Caractéristique : elle est de taille, l’habillement. On reconnaît les nouveaux arrivants de ceux qui pataugent en climat tropical depuis quelques jours par le port du vêtement : «Il va faire chaud, on s’habille léger» diront les nouveaux; «Craignons le soleil, habillons-nous en long» diront les deux semaines et plus. On serait porté à croire que le short et le chandail à bretelles conviennent bien à cette température. Erreur! On peut basculer de 35 degrés C à 20 degrés en l’espace d’une entrée dans un restaurant ou un magasin. Il faut craindre les refroidissements subits. Plusieurs cafés extérieurs climatisent… l’extérieur. Surtout lors de la saison sèche (novembre à avril).

Remarque : j’ai déjà écrit que je me considérais comme un «ouèreux» c’est-à-dire celui qui fouine, qui fourre son nez partout. De plus, la curiosité me porte à écouter les conversations. Avec les Vietnamiens je n’y gagne pas grand-chose alors je me reprends auprès des touristes. J’en découvre de bien belles!

Commentaire du touriste nouvel arrivant, un classique: «Il me semble que ça serait plus simple s’ils faisaient cela de telle manière.» «Pourquoi ils se compliquent la vie.»

Le Vietnamien est un travailleur honnête, assidu et perfectionniste. On lui demandera d’effectuer une tâche de telle manière qu’il n’y dérogera pas d’un iota. Le patron a raison, toujours raison. Ce qui ne l’empêchera pas, une fois le boulot terminé, d’y aller de ses propos sur les manières de faire.
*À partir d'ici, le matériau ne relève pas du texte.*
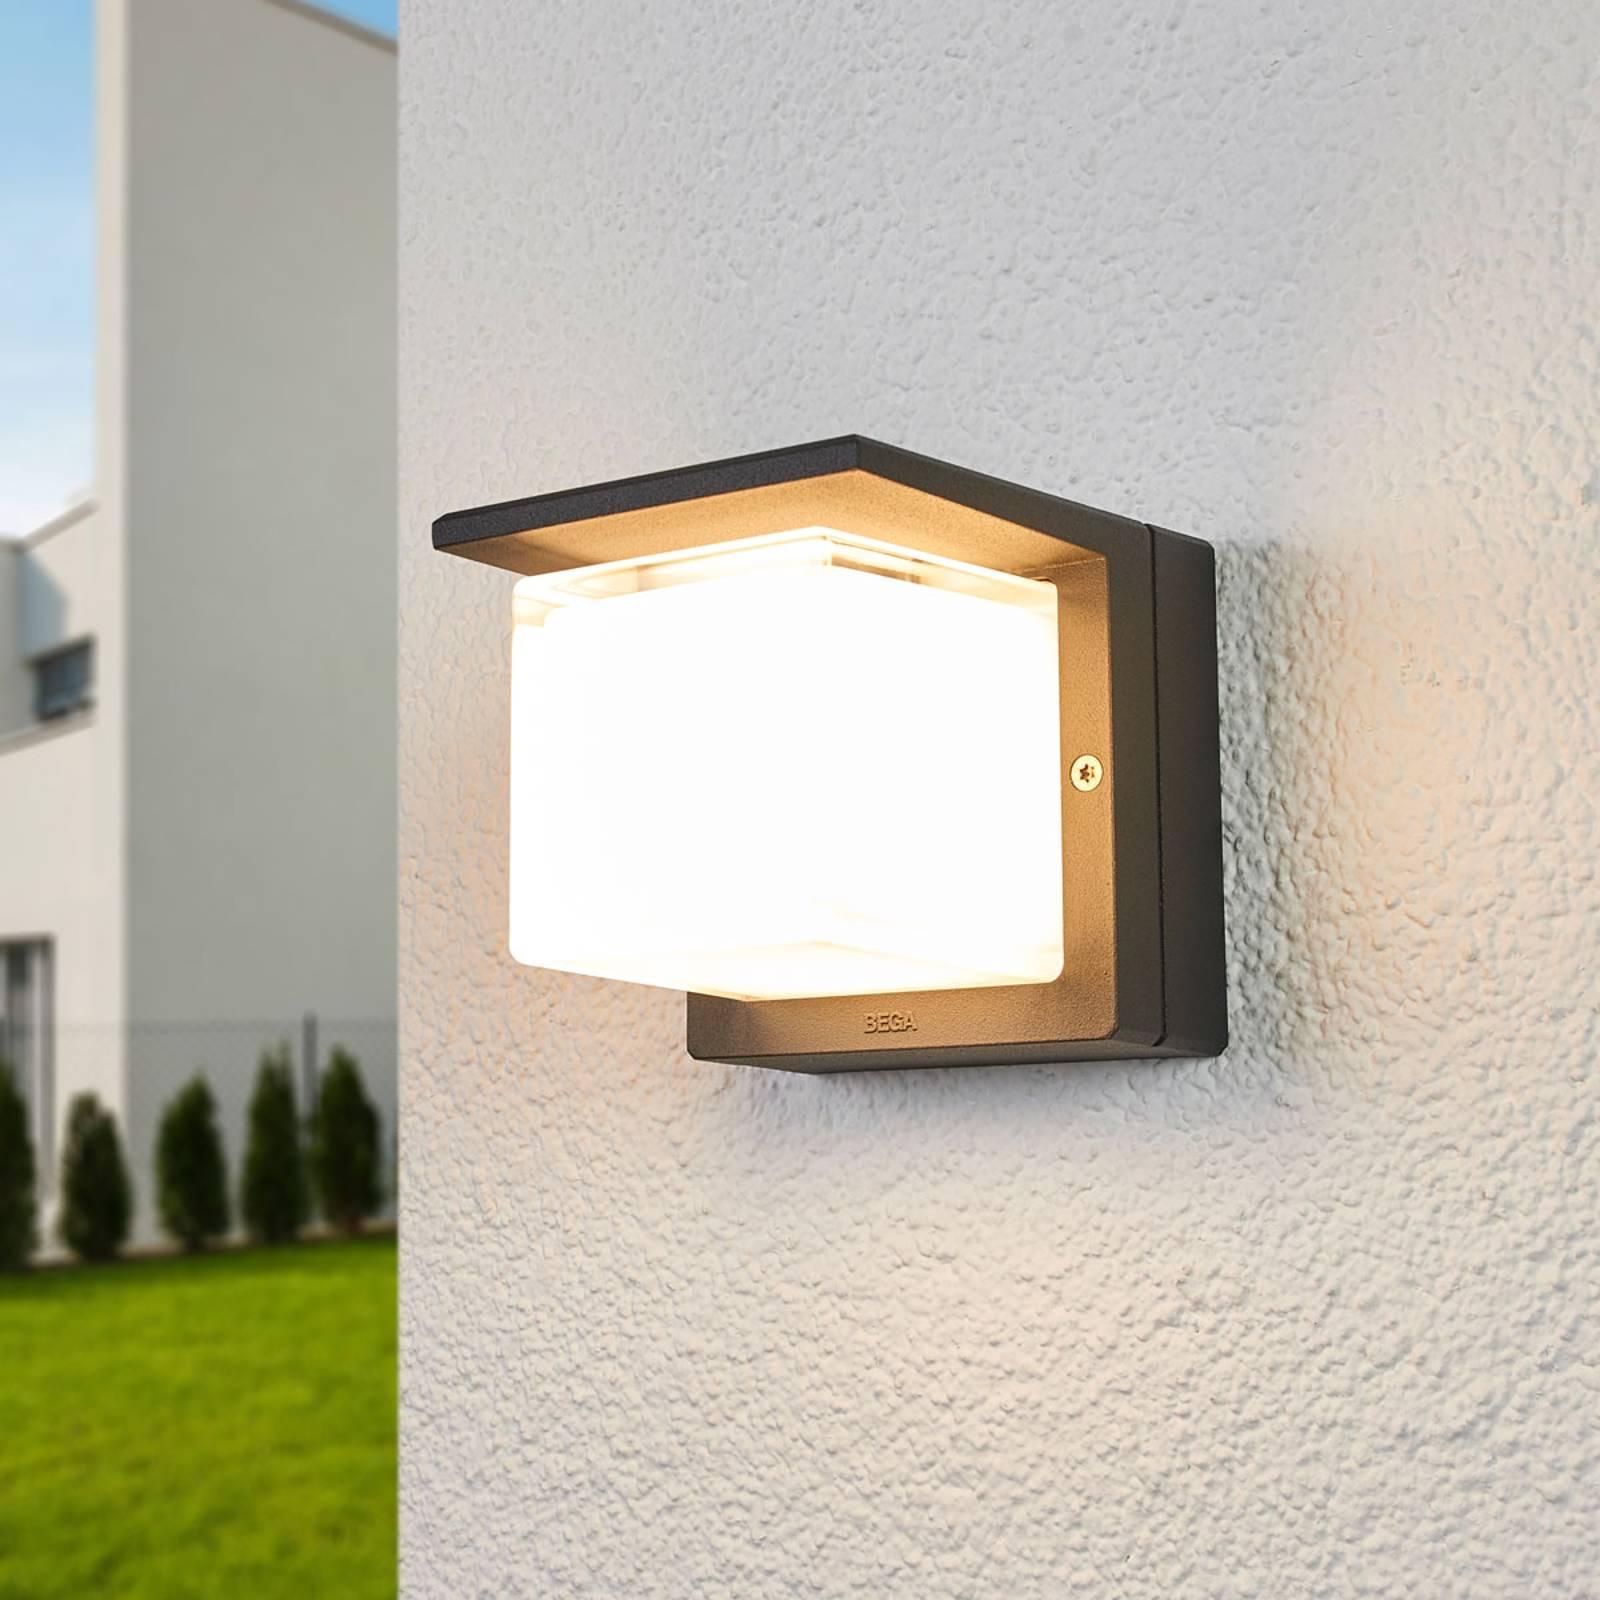 Lampen von Bega bei I-Love-Tec.de
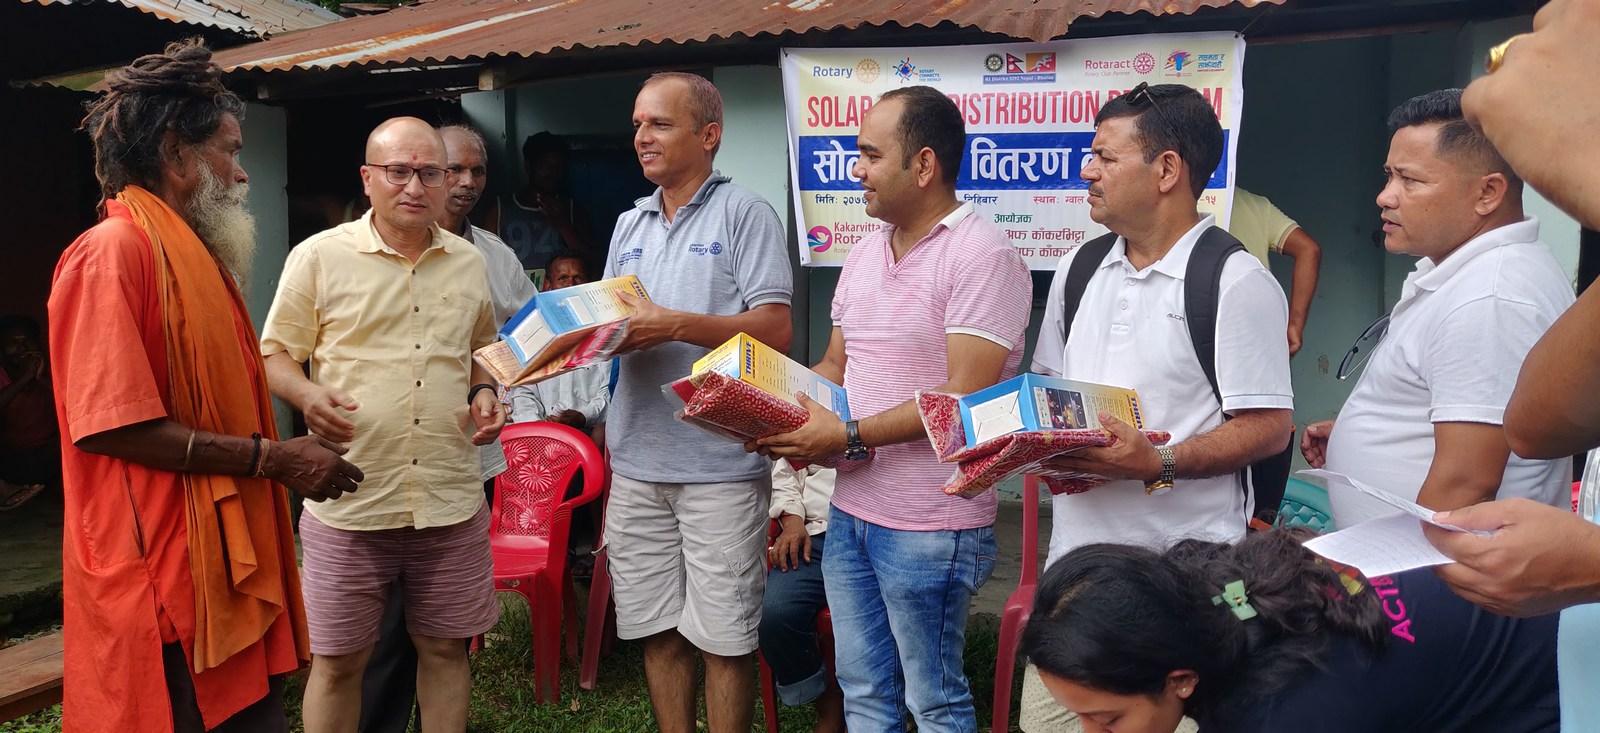 Solar-Light-Distribution-Program-Rotary-Club-of-Kakarvitta-27

En bon occidental que nous sommes – je m’inclus fort évidemment – parfois pour ne pas dire souvent, certaines façons de faire mériteraient un certain polissage.

Exemple 1 : vous magasinez (au marché ou dans un magasin) immédiatement sans crier gare, voici qu’une serveuse vous talonne : un pas à gauche, un pas à droite, la serveuse se retrouve encore dans vos souliers (dans vos gougounes).

Exemple 2 : vous êtes au restaurant. Un .e employé.e se voit attitrer à votre table. Un plat est terminé qu’il.elle s’en empare et dessert. La boisson est terminée, on vous la remplace illico sans même vous le demander. On serait porté à croire que l’employé.e ,à la limite, va s’asseoir avec vous et partager le repas.

Mais je reviens à mes touristes. La chaleur produit sur un organisme non habitué une sensation de lourdeur et de fatigue qu’il faut savoir prévenir. Le truc étant de s’assurer une hydratation continuelle : peu d’eau, souvent et surtout éviter l’eau froide.

Lorsque je vois des touristes dans un café, affalés est le terme adéquat, l’un à son IPad, l’autre à remonter une bretelle hostile, deux ou trois soupirs, jamais au même moment, je me dis que le Vietnam fait son chemin tout doucement à l’intérieur d’eux. On dit que l’on est envoûté par ce pays ou qu’on le déteste au point de le fuir.

Le Vietnam fait son chemin en vous, touristes ou étrangers, lorsque vous ne vous rendez plus compte que vous y êtes, qu’aucun jugement ne bouscule vos habitudes, rien d’autre qu’être là, c’est-à-dire ici.